=== Section Start ===
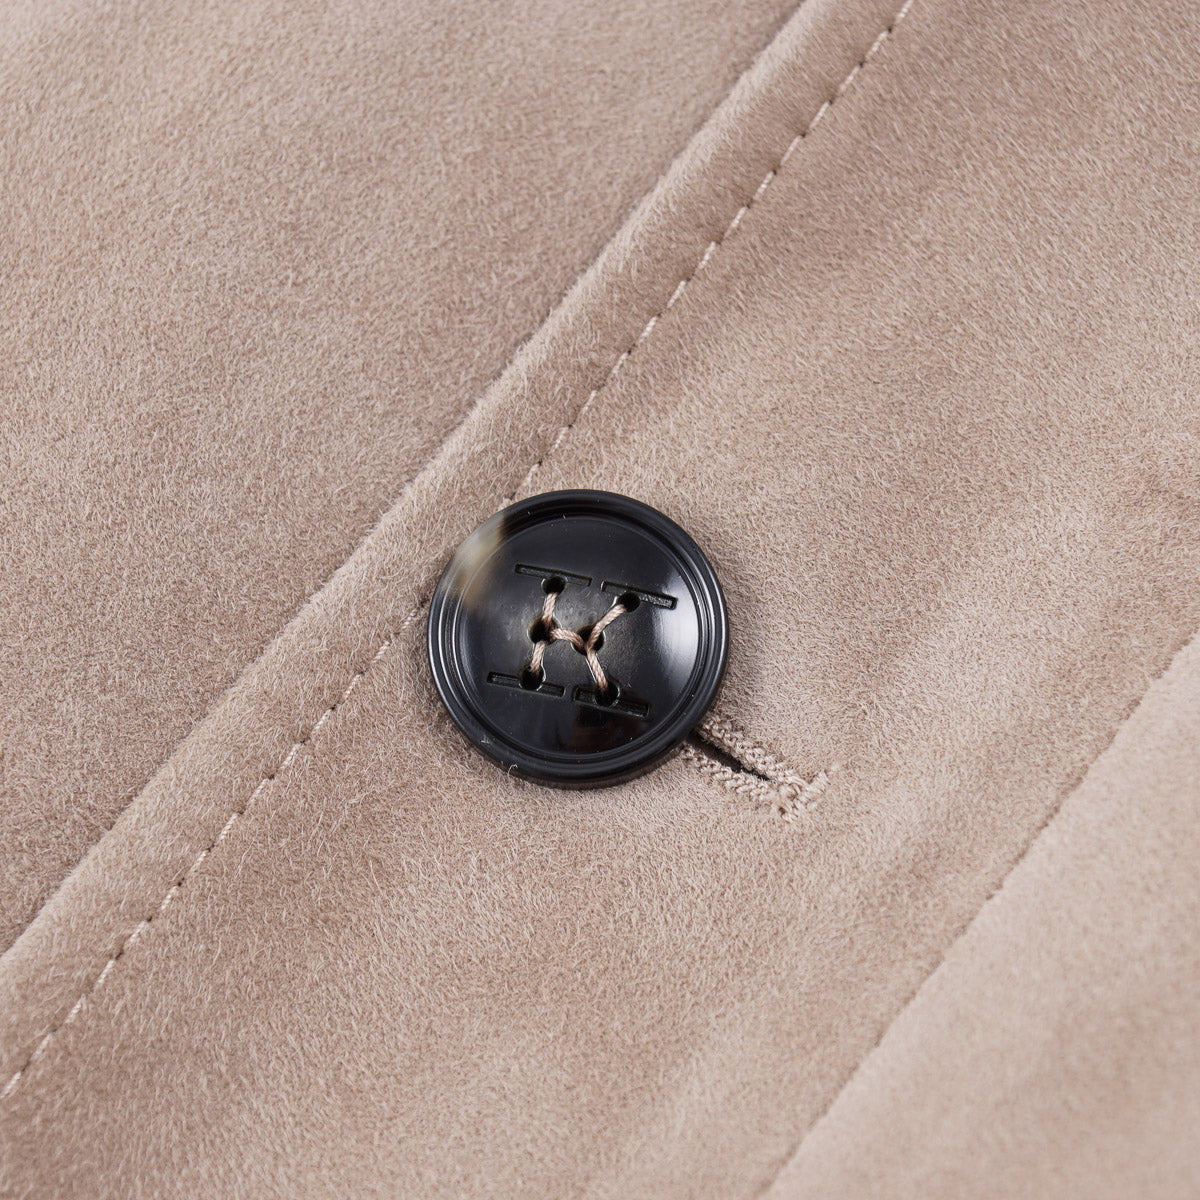 Kiton Reindeer Suede Jacket with Quilted Lining - Top Shelf Apparel
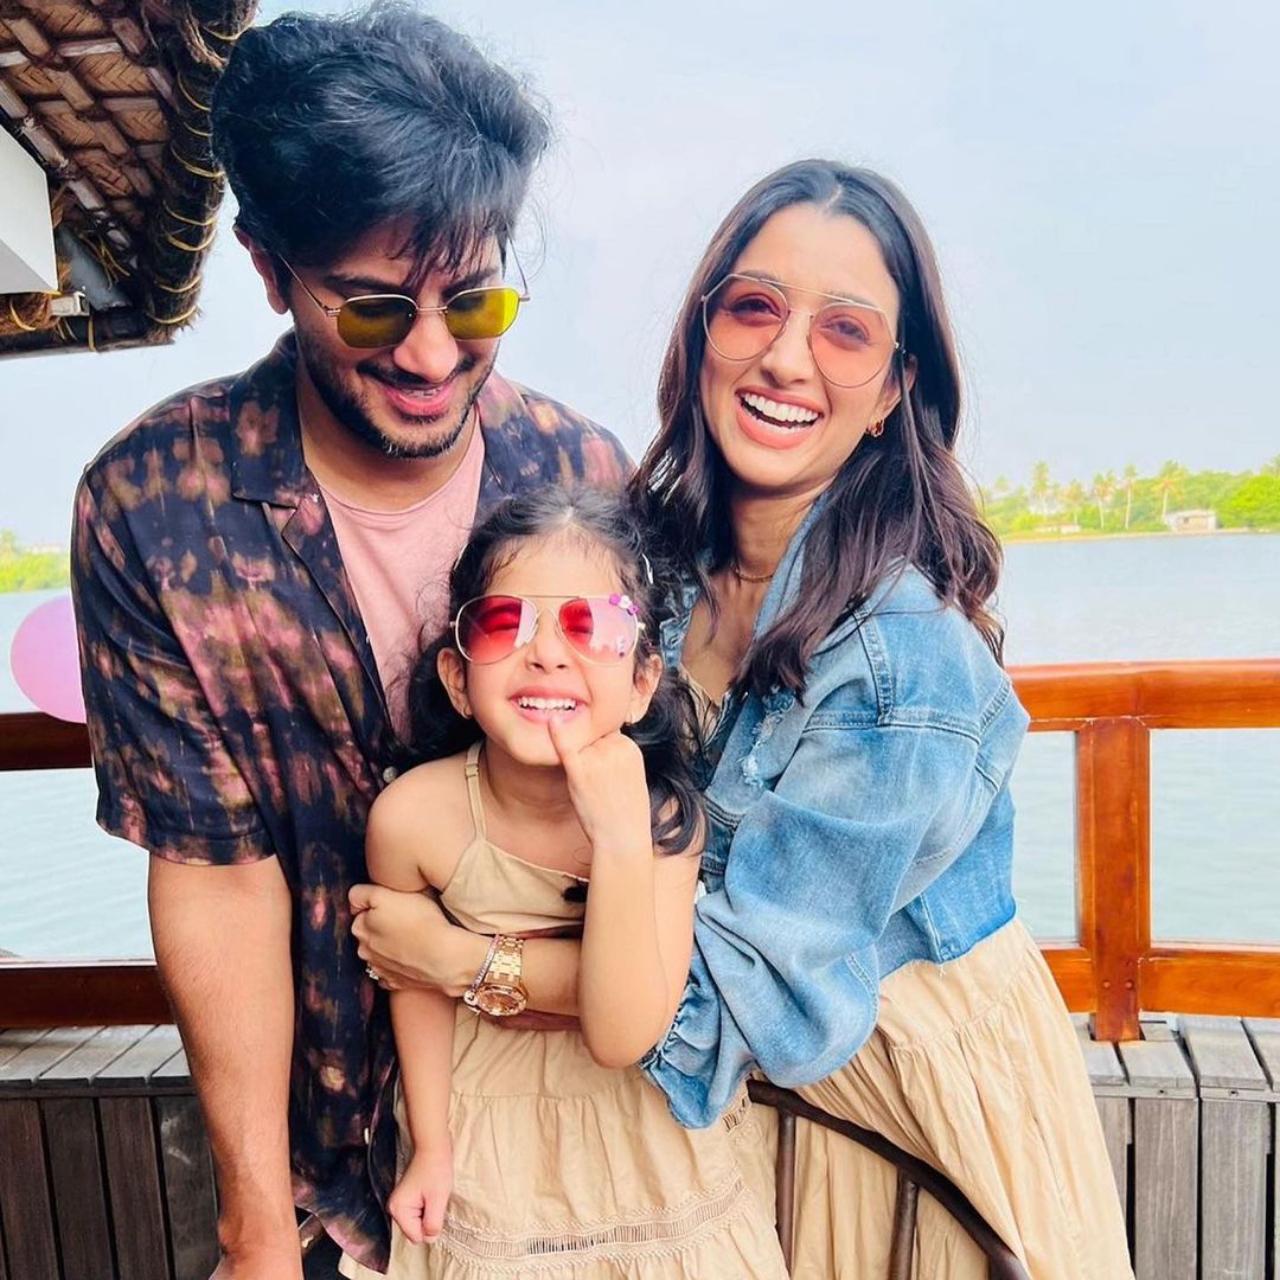 Malayalam film superstar Dulquer Salmaan adores his daughter and his posts for her are always filled with love and hope. The actor married Amal Sufiya in 2011 and they welcomed their daughter Maryam in 2017
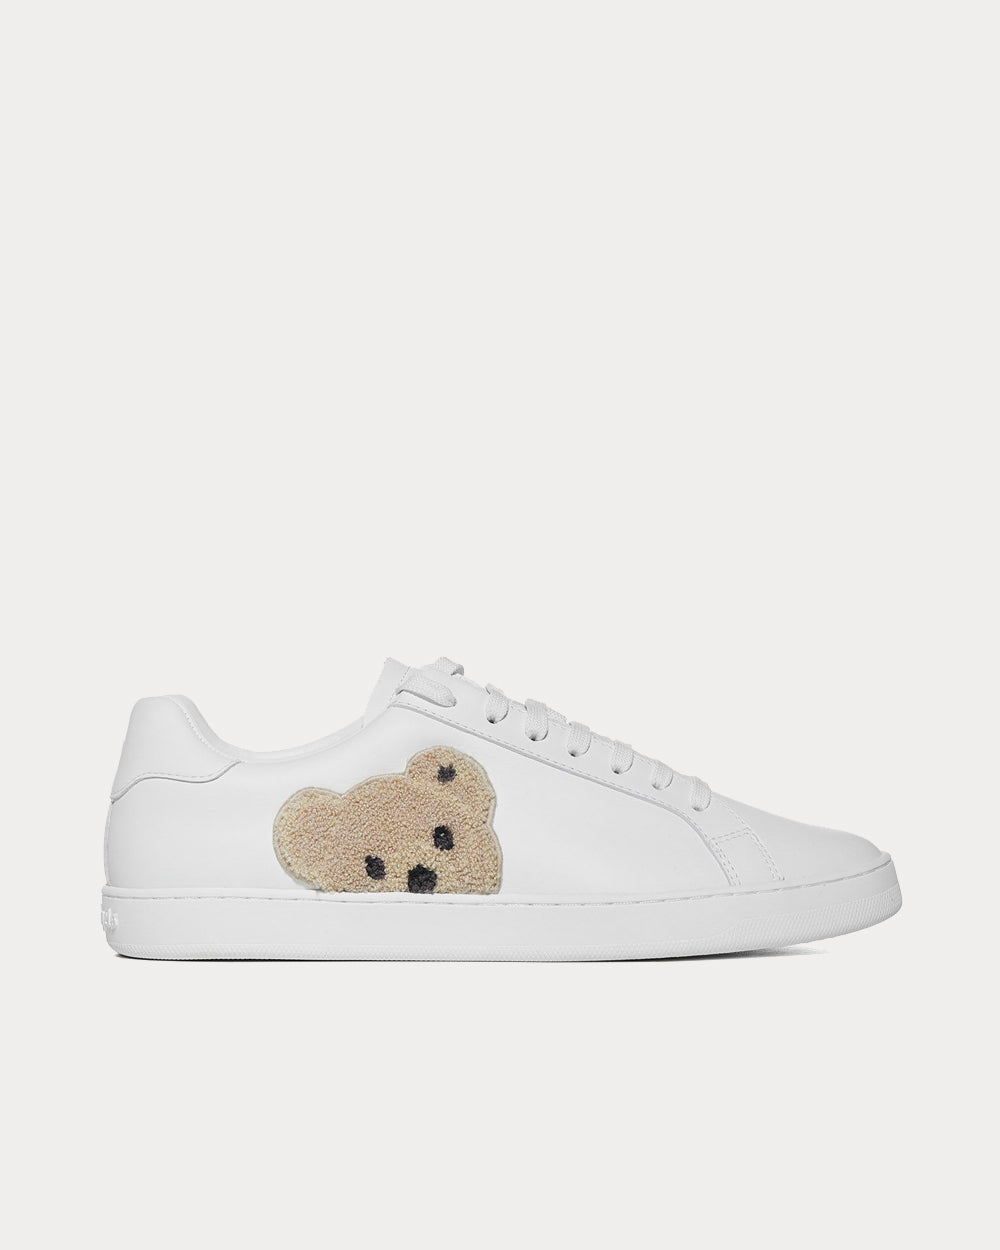 Palm Angels - Teddy Bear White / Brown Low Top Sneakers
=== Section End ===
- [DIRECTIONS FOR THIS TASK] Exactly repeat only the lines from the one with "Malayalam film superstar" to the closing line above, both included, and omit every picture.

- [TASK OUTPUT]
 Malayalam film superstar Dulquer Salmaan adores his daughter and his posts for her are always filled with love and hope. The actor married Amal Sufiya in 2011 and they welcomed their daughter Maryam in 2017
 Palm Angels - Teddy Bear White / Brown Low Top Sneakers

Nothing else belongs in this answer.